Ketiga, gaya hidup konsumtif dan serba glamour. Guru wajib waspada terhadap kedua gaya hidup ini. Penghasilan guru tidak akan mencukupi untuk memperturutkan dua gaya hidup ini. Oleh sebab itu, guru wajib mempertahankan sikap kebersahajaan dalam hidup sebagai bagian dari nilai-nilai pendidikan.

Memang, tidak mudah hidup bersahaja dalam kondisi lingkungan yang serba konsumtif dan glamour. Tapi, itulah tantangan yang harus dihadapi guru saat ini.

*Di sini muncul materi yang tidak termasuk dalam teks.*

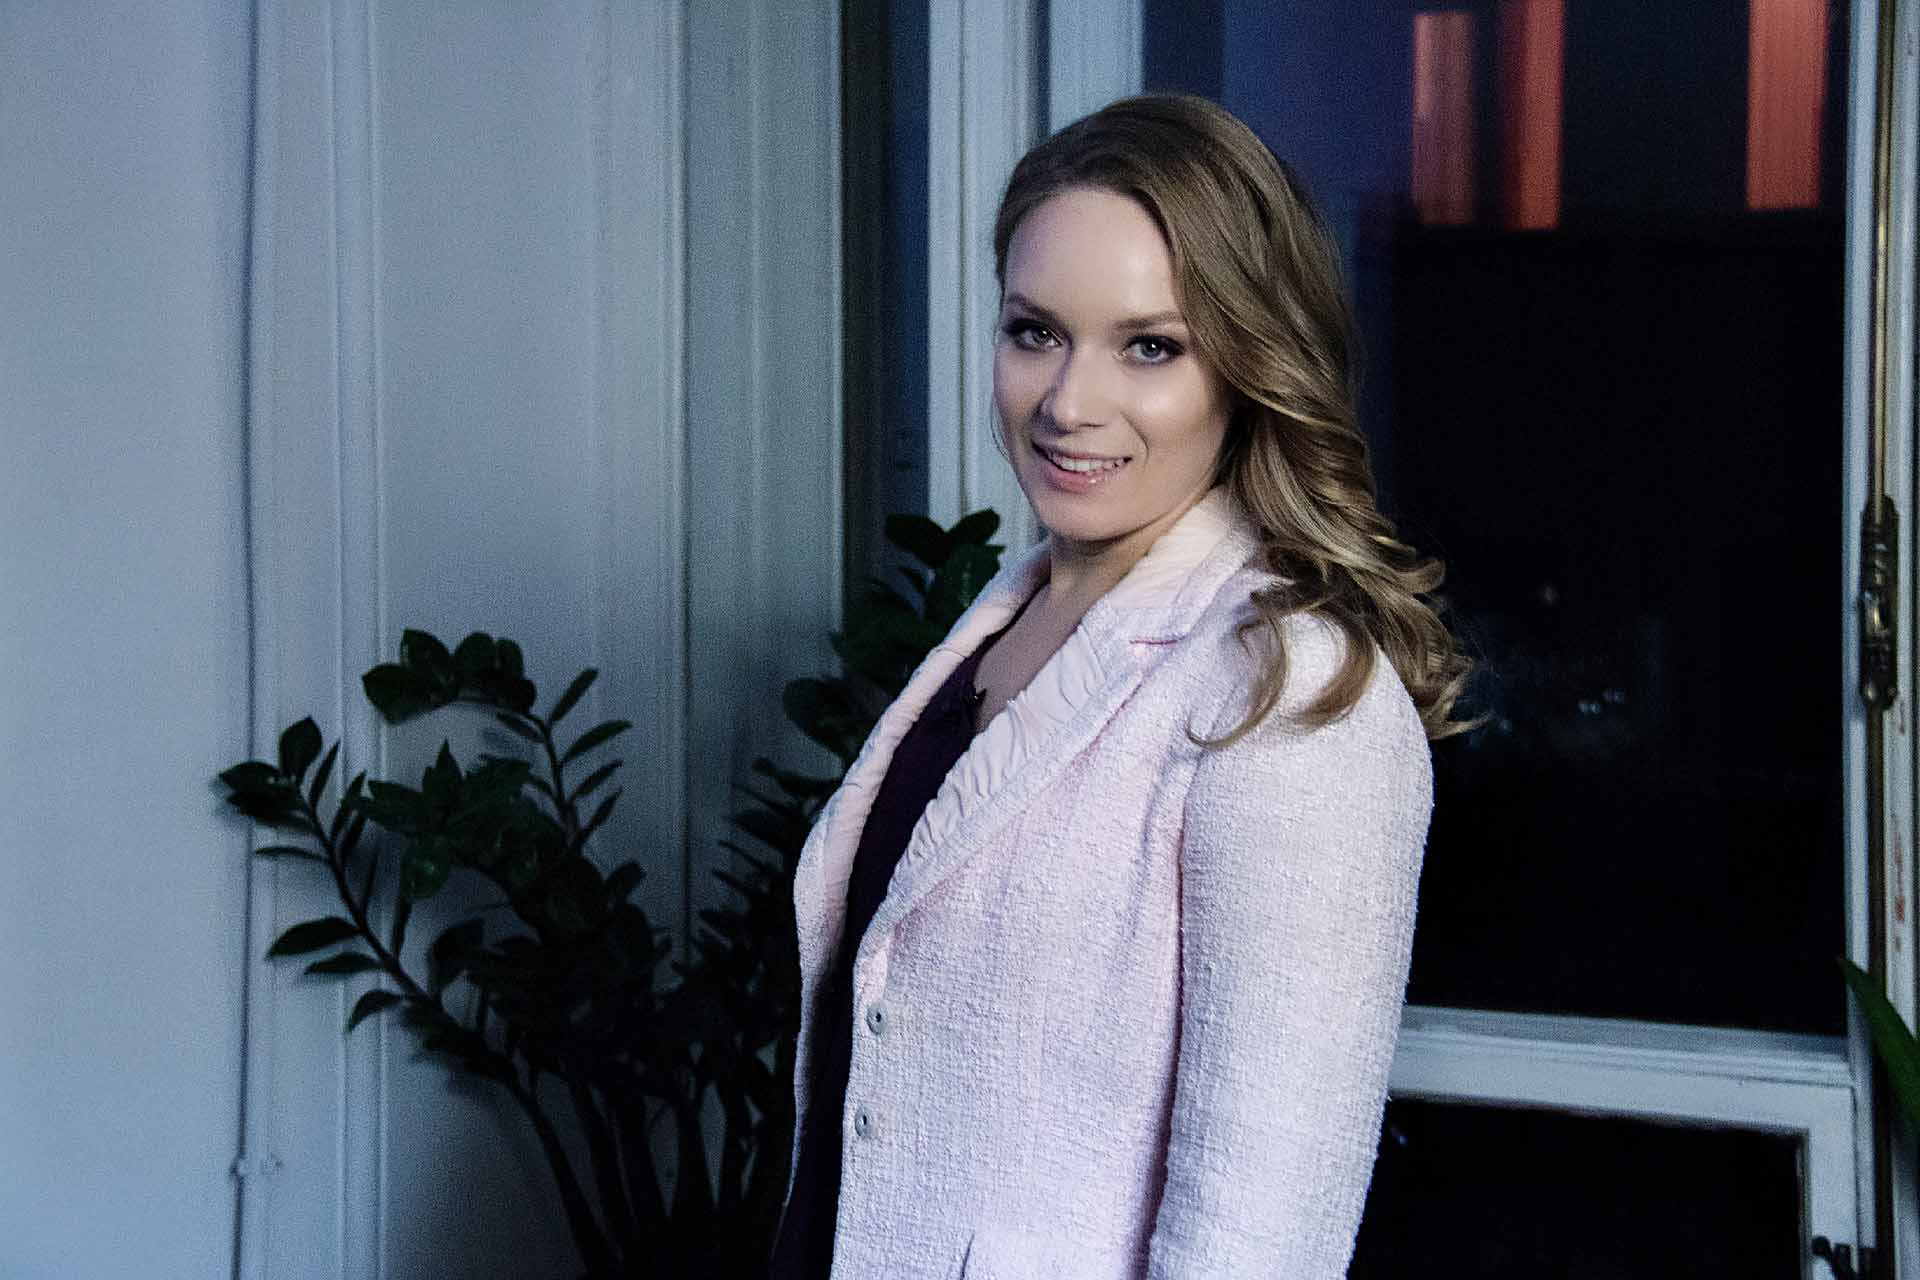 Анна Василянская. Последствия пандемии в бизнесе. Юридические аспекты

Jika guru tidak mampu menjadi model hidup bersahaja, maka pendidikan tidak akan melahirkan manusia-manusia yang bersahaja.

Sebetulnya, masih banyak tantangan-tantangan lain yang harus dihadapi guru di zaman ini. Namun, beberapa tantangan di atas dapat mewakili tantangan utama yang harus dihadapi guru.

Semoga di hari Guru Nasional 25 November 2022 ini, guru Indonesia mampu memaknai tantangan guru sebagai bahan kajian untuk meningkatkan layanan pendidikan di masa mendatang. Walaahu a’lam.